This course presents the principles of closed-loop control system design when physics-based models of the open-loop plant (derived previously, see 2201304) are available. The course focuses on designing controllers suitable for achieving desired (and often contradictory) control objectives such as minimized steady-state error, improved stability and user-defined shaping of transient system response in closed-loop. For this purpose, traditional controllers are reviewed, basic tools for assessing the controlled system stability and transient response are given, and specific techniques for controller design based on transfer function and state-space representations are presented in detail.
- Performance and robustness characteristics of closed-loop systems, comparison with open-loop systems.
- Steady state errors and stability in closed-loop representations, part I: Computing steady state errors, the influence of open-loop system type on steady state error, hints on the trade-off between closed-loop errors and stability.
- Steady state errors and stability in closed-loop representations, part II: Stability assessment via the Routh criterion, the trade-off between closed-loop errors and stability revisited.

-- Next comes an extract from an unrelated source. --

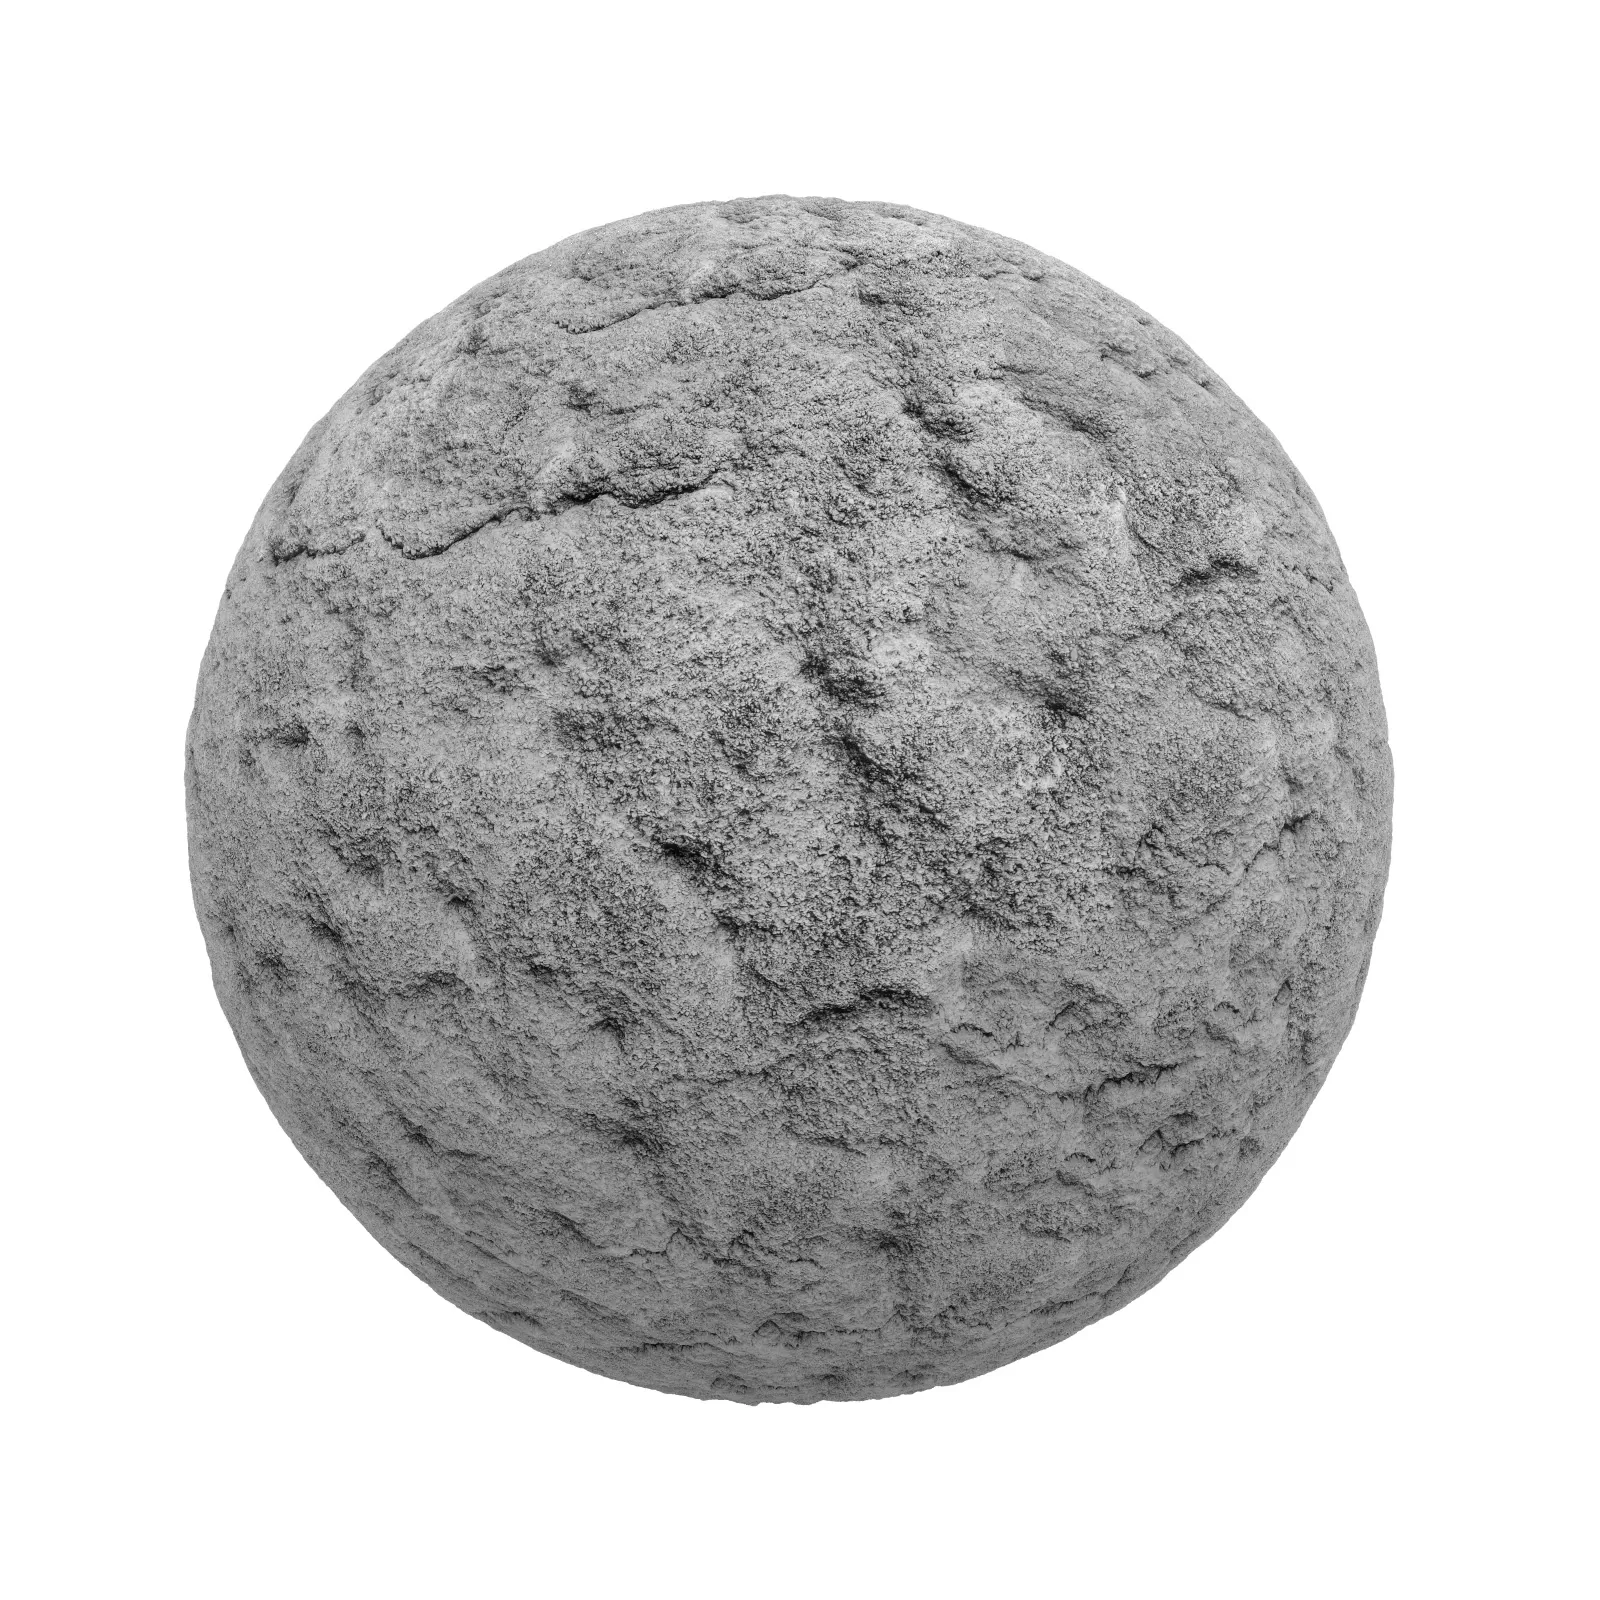 TEXTURES – STONES – CGAxis PBR Colection Vol 1 Stones – rough grey stone 4

- The root locus method: Closed-loop stability evaluation, controller design for transient response shaping and steady state error minimization.
- The method of characteristic polynomial matching: Analytical controller design for transient response shaping and steady state error minimization, hints on reference model matching.

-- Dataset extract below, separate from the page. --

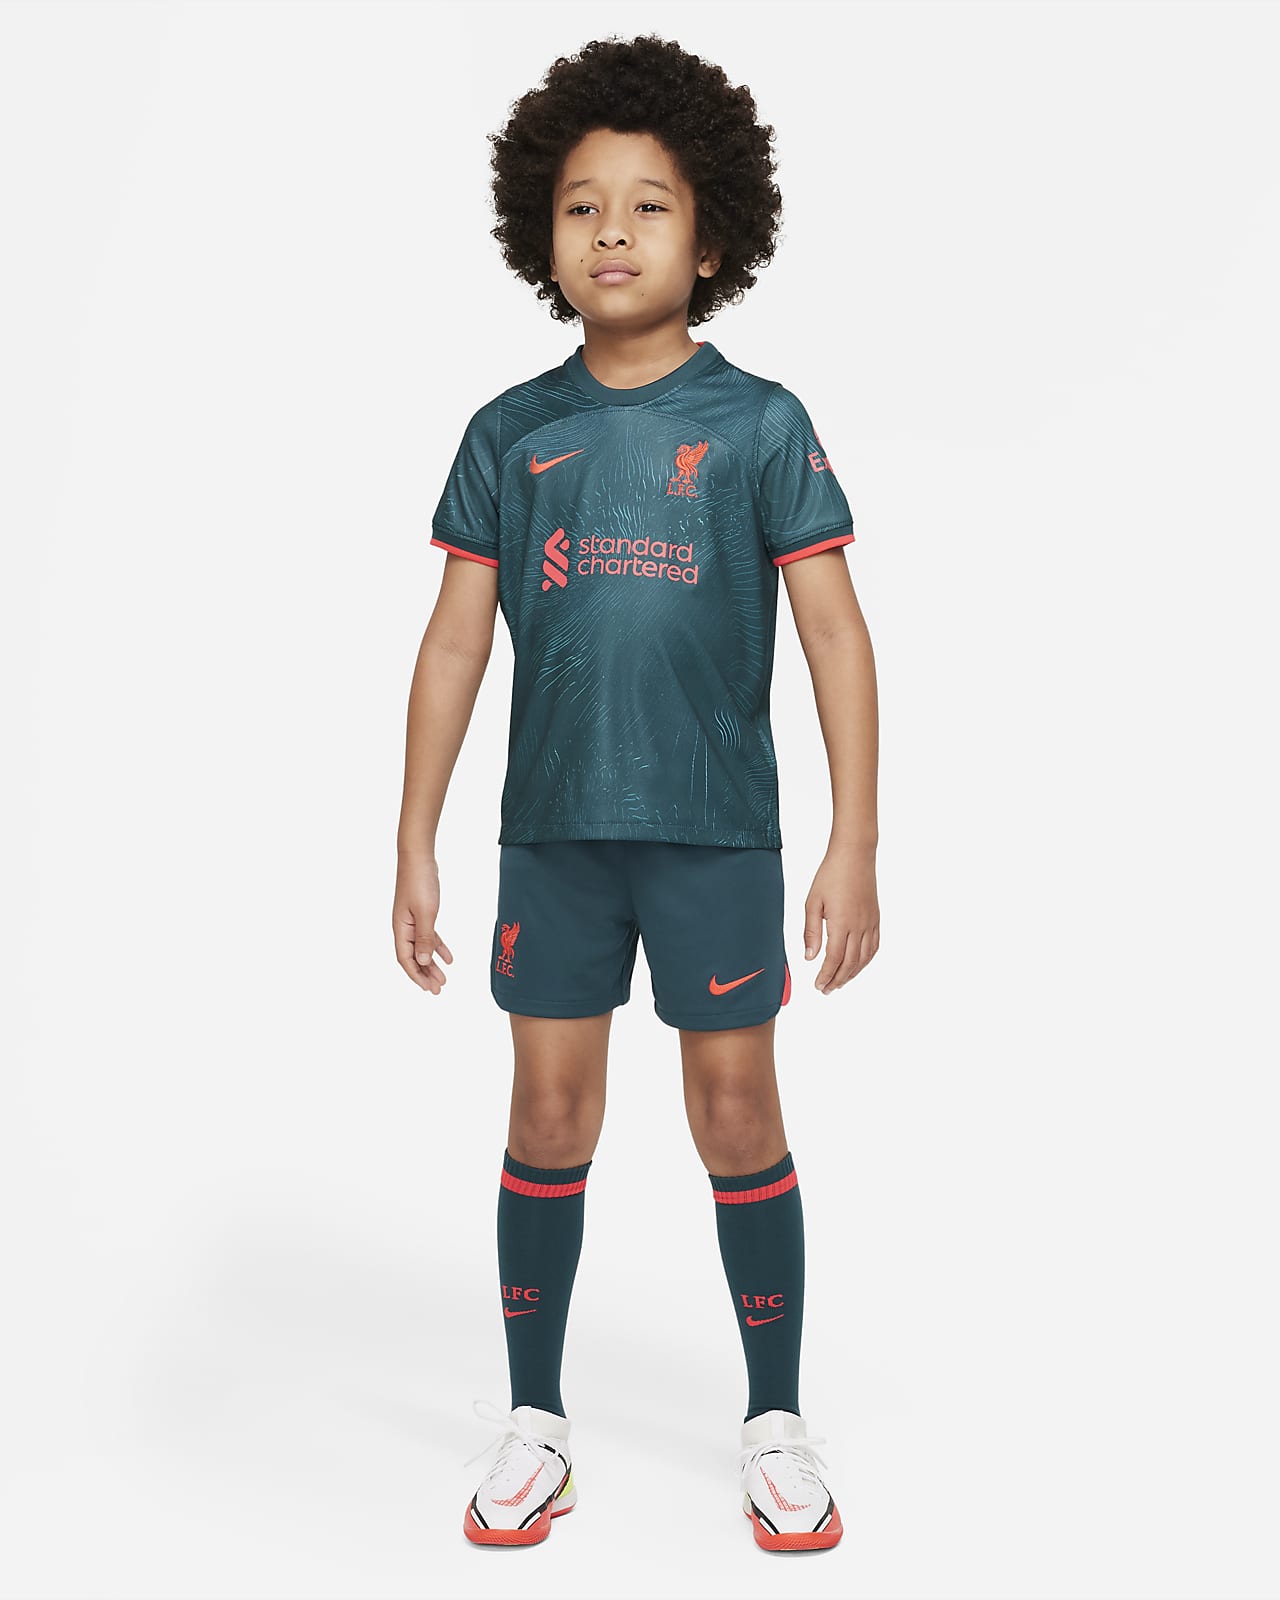 Liverpool F.C. 2022/23 Third Younger Kids' Nike Football Kit

- Bode and Nyquist plots revisited: Assessment of closed-loop stability and margins, hints on controller design.
- System representation in State-Space, part I: The concept of state-space representation versus transfer functions, system eigenvalues and eigenvectors.
- System representation in State-Space, part II: Solution of state-space equations via Laplace or eigenvalues/eigenvectors, hints on closed-loop pole placement for achieving desired closed-loop performance.